Problem: Print only the lines below, from the very first to the one containing "คอมมือสอง) Apple MacBook", exactly as they stand. Do not print pictures.

Provided material:
--------------------------------
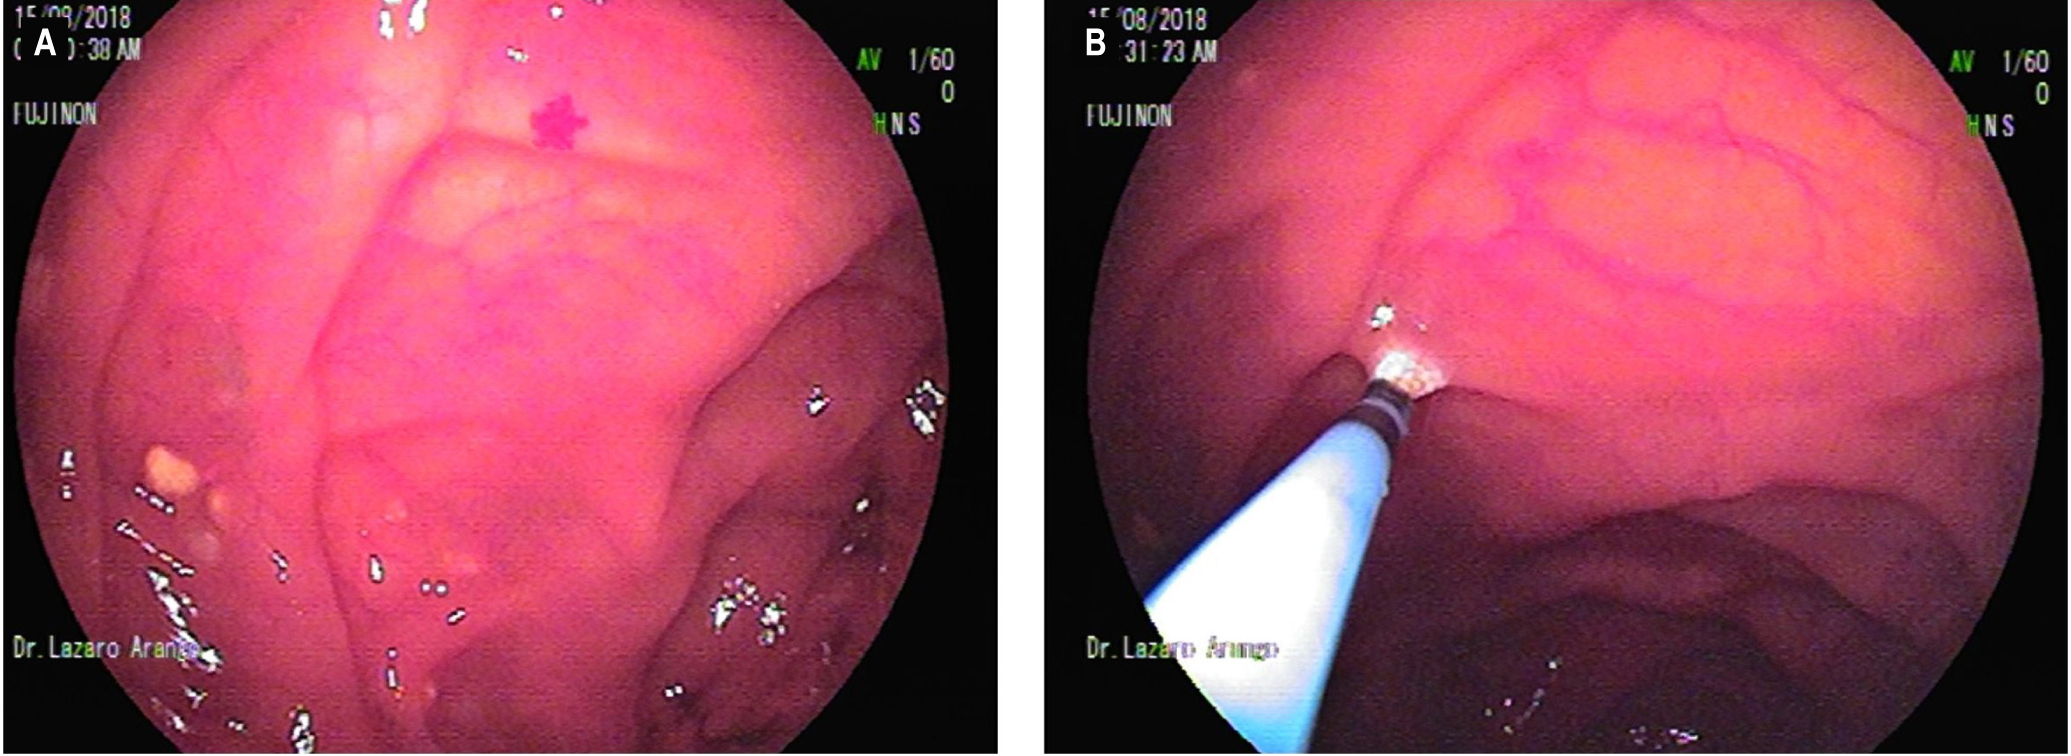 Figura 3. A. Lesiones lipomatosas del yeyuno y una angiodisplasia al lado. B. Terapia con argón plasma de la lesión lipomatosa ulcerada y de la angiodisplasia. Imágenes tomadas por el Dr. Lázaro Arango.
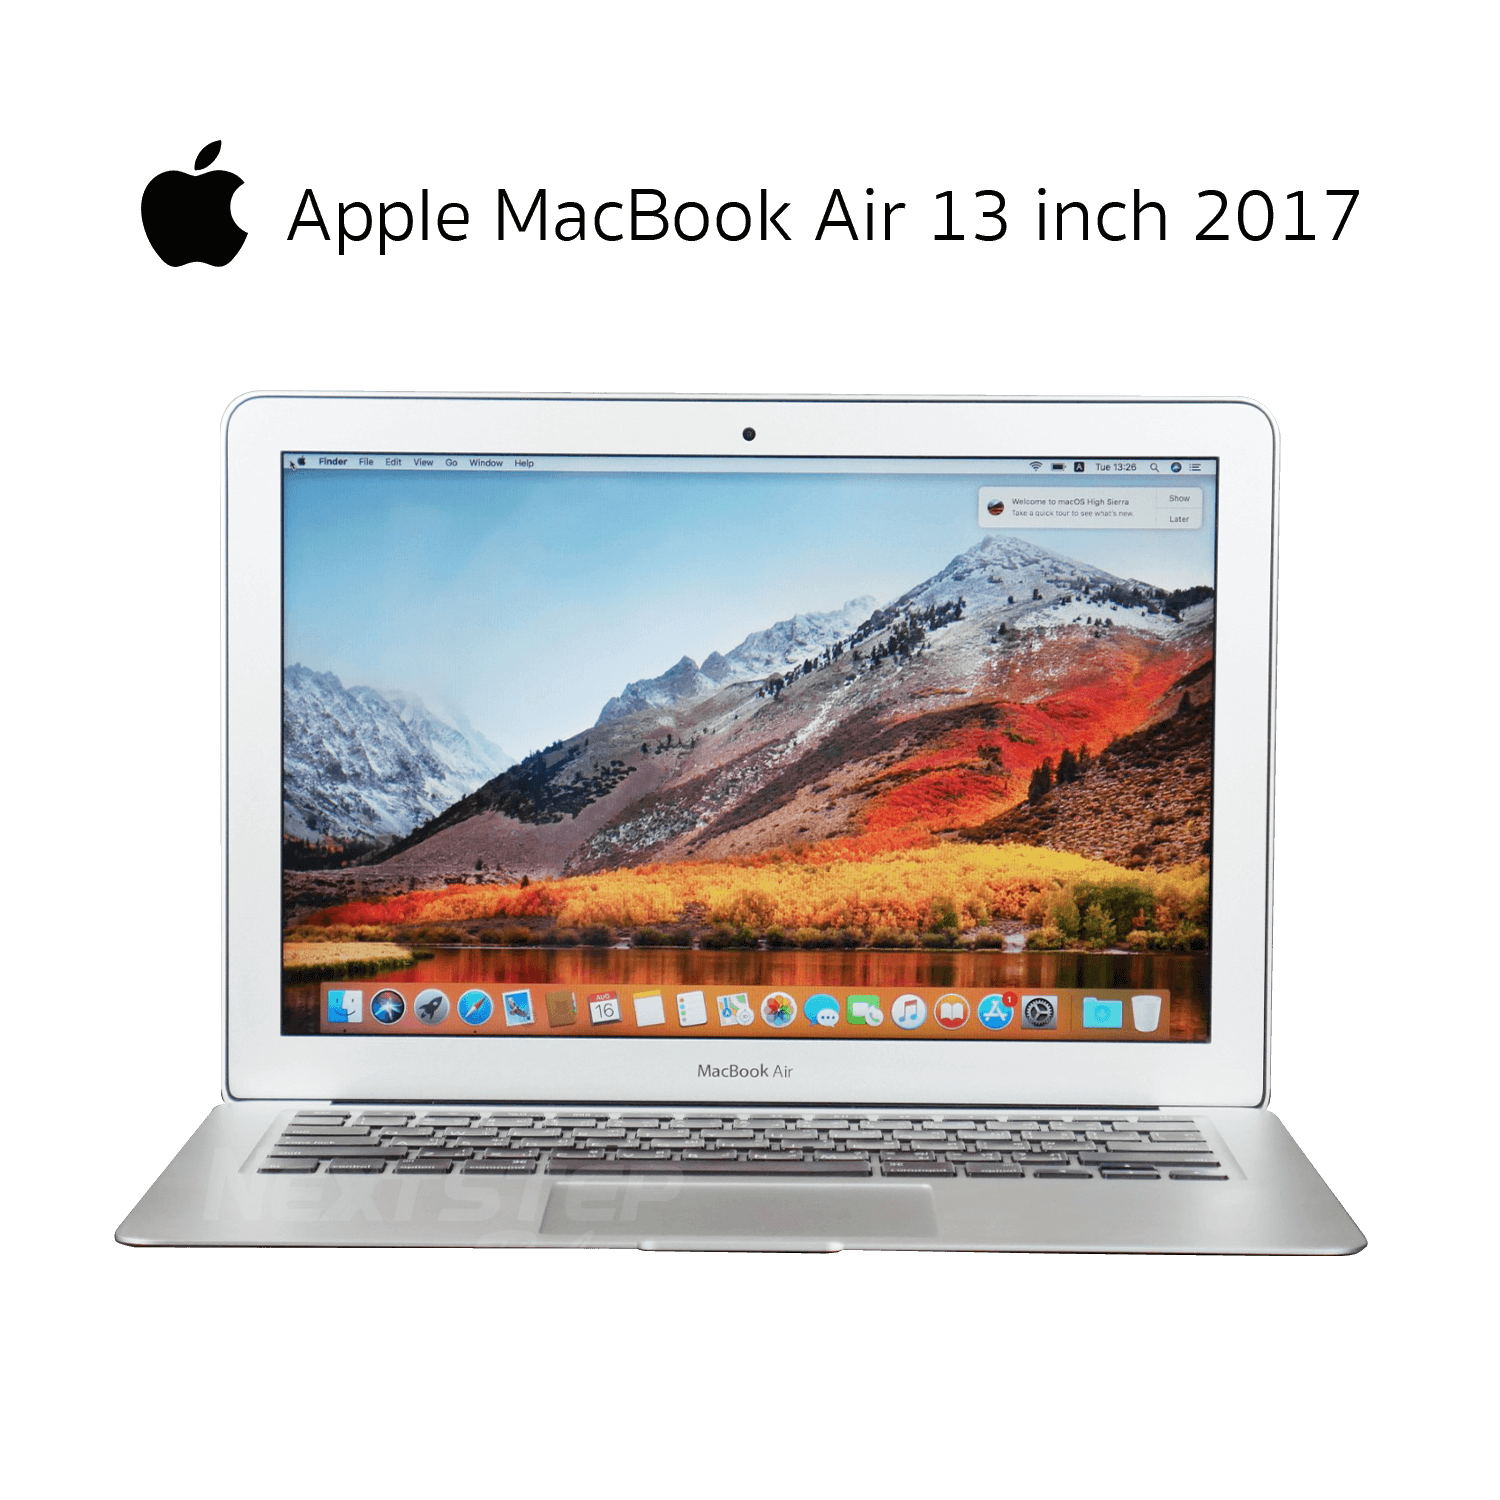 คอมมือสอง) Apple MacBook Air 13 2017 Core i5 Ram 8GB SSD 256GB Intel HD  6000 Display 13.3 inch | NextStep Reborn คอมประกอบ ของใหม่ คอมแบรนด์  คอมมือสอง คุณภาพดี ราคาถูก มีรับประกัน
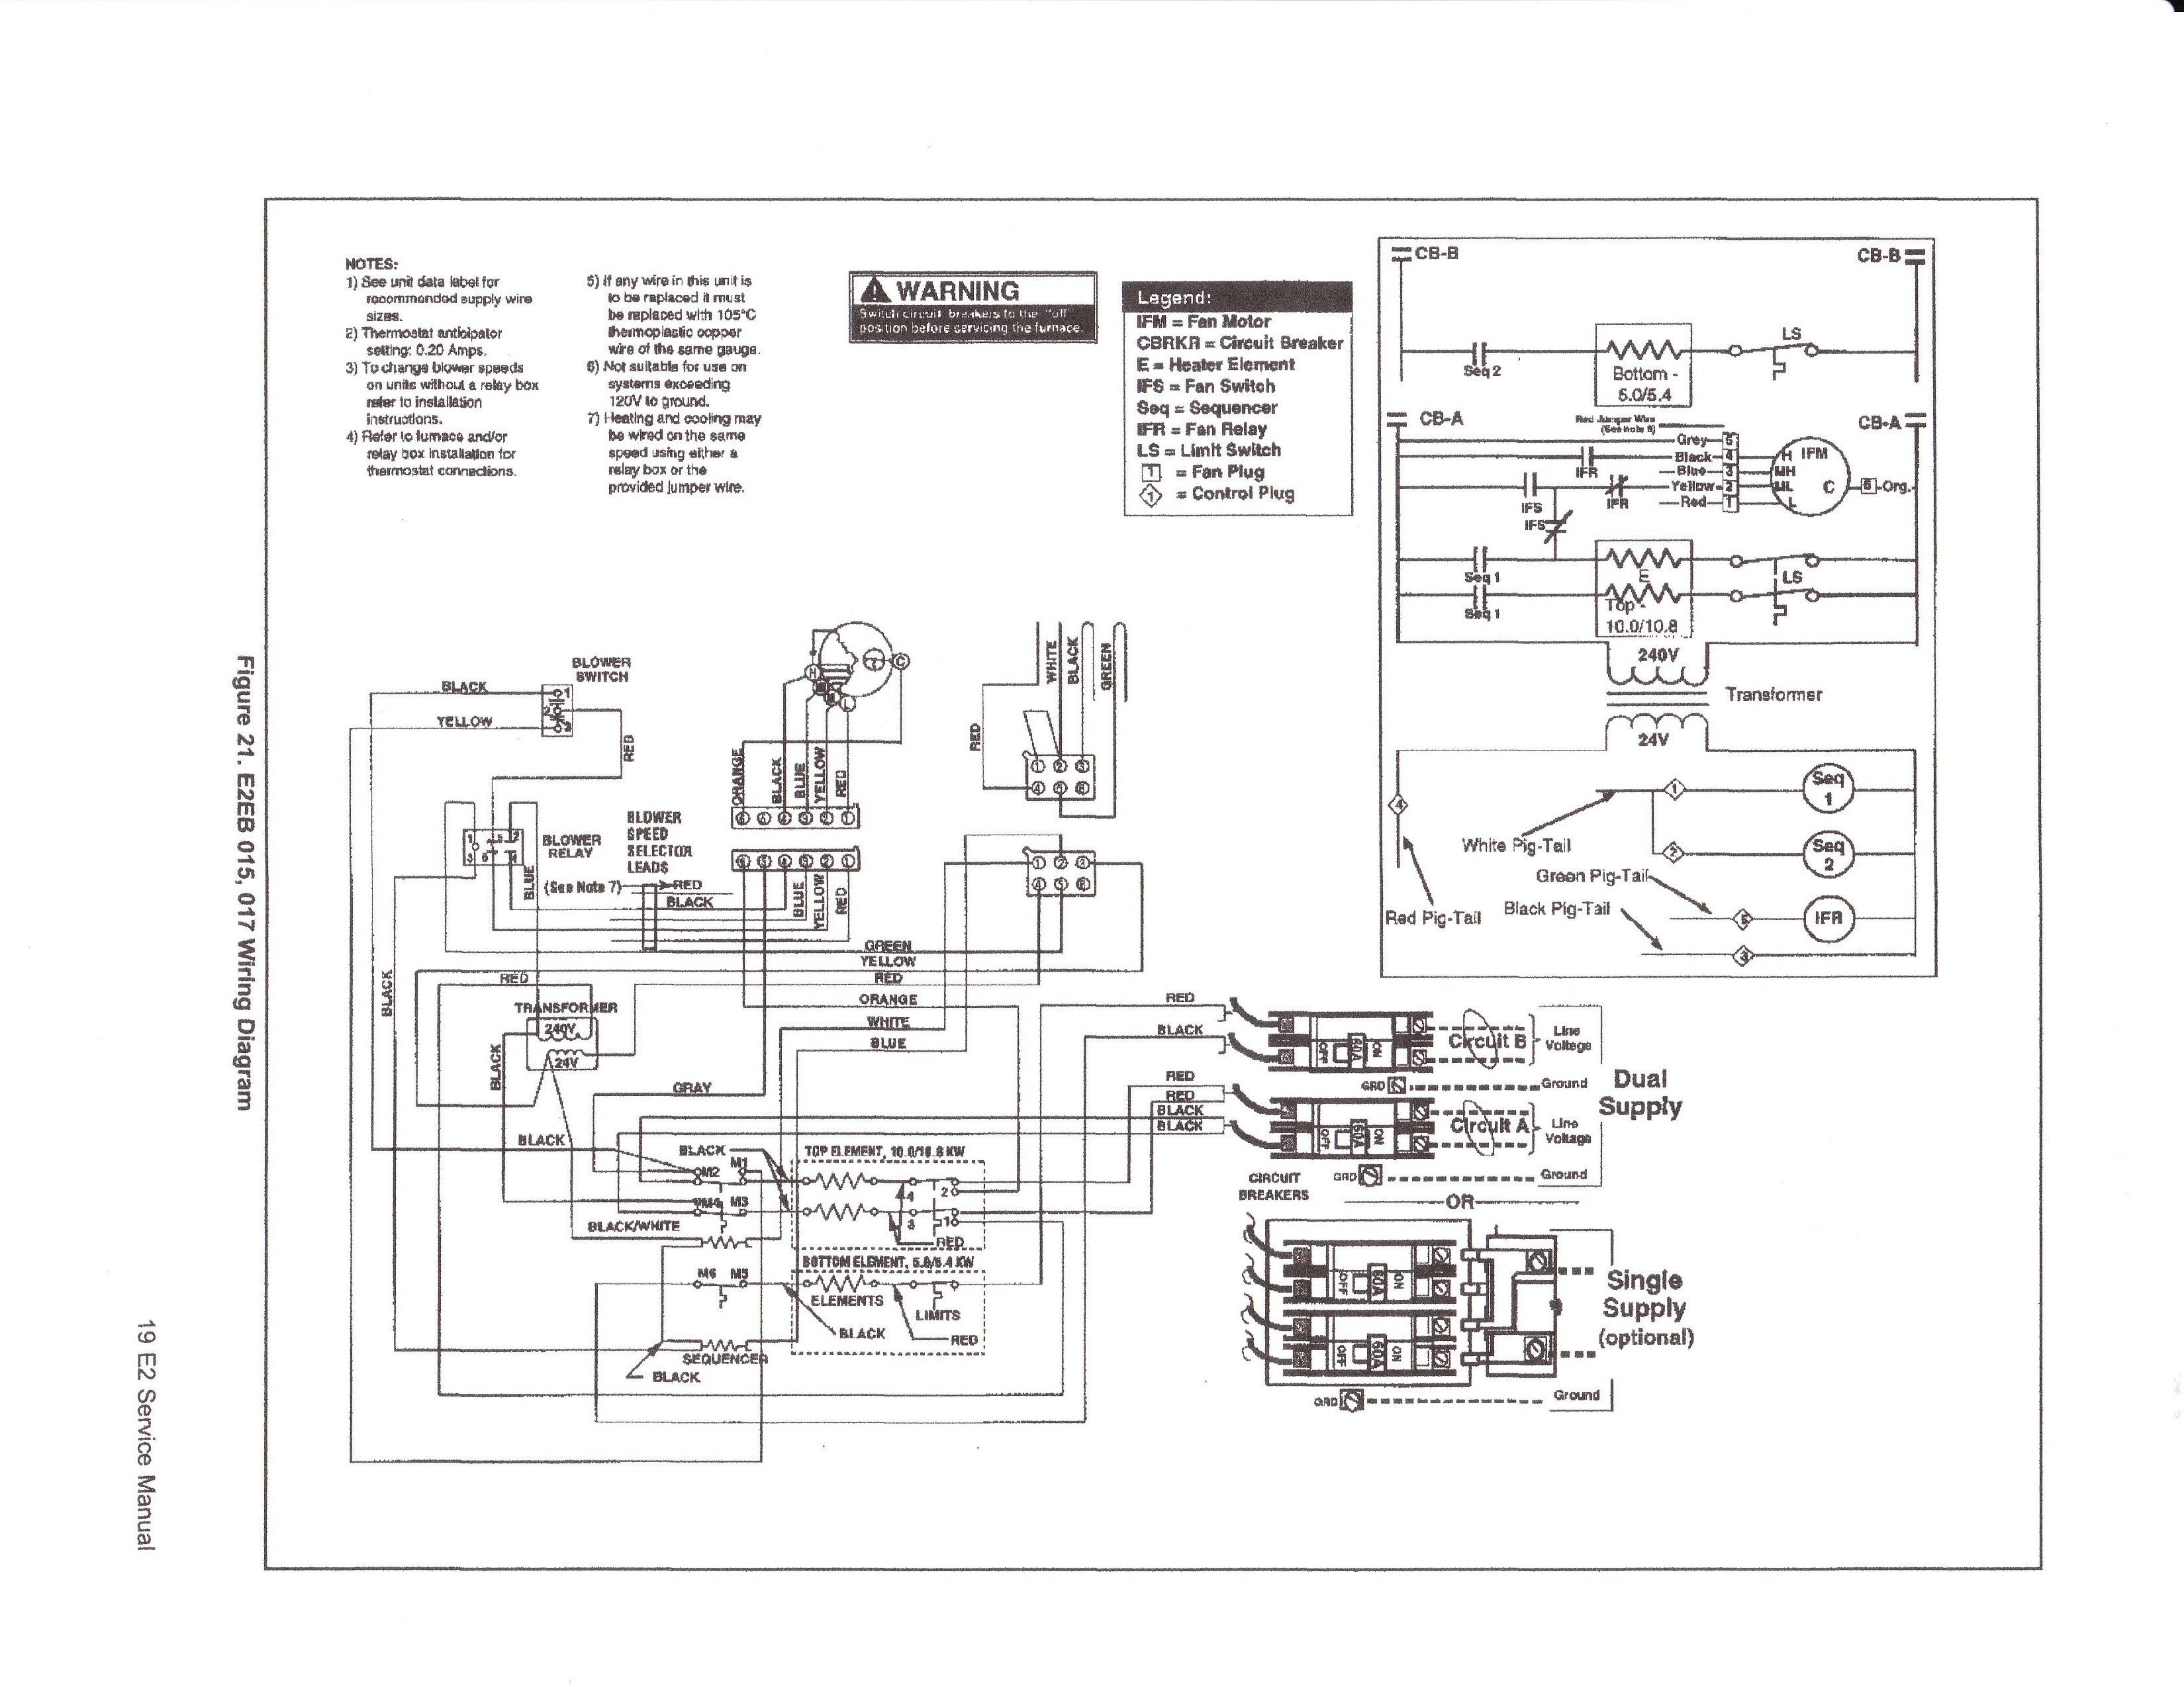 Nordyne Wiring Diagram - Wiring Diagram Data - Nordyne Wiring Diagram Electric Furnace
--------------------------------
Expected output:
 Figura 3. A. Lesiones lipomatosas del yeyuno y una angiodisplasia al lado. B. Terapia con argón plasma de la lesión lipomatosa ulcerada y de la angiodisplasia. Imágenes tomadas por el Dr. Lázaro Arango.
 คอมมือสอง) Apple MacBook Air 13 2017 Core i5 Ram 8GB SSD 256GB Intel HD  6000 Display 13.3 inch | NextStep Reborn คอมประกอบ ของใหม่ คอมแบรนด์  คอมมือสอง คุณภาพดี ราคาถูก มีรับประกัน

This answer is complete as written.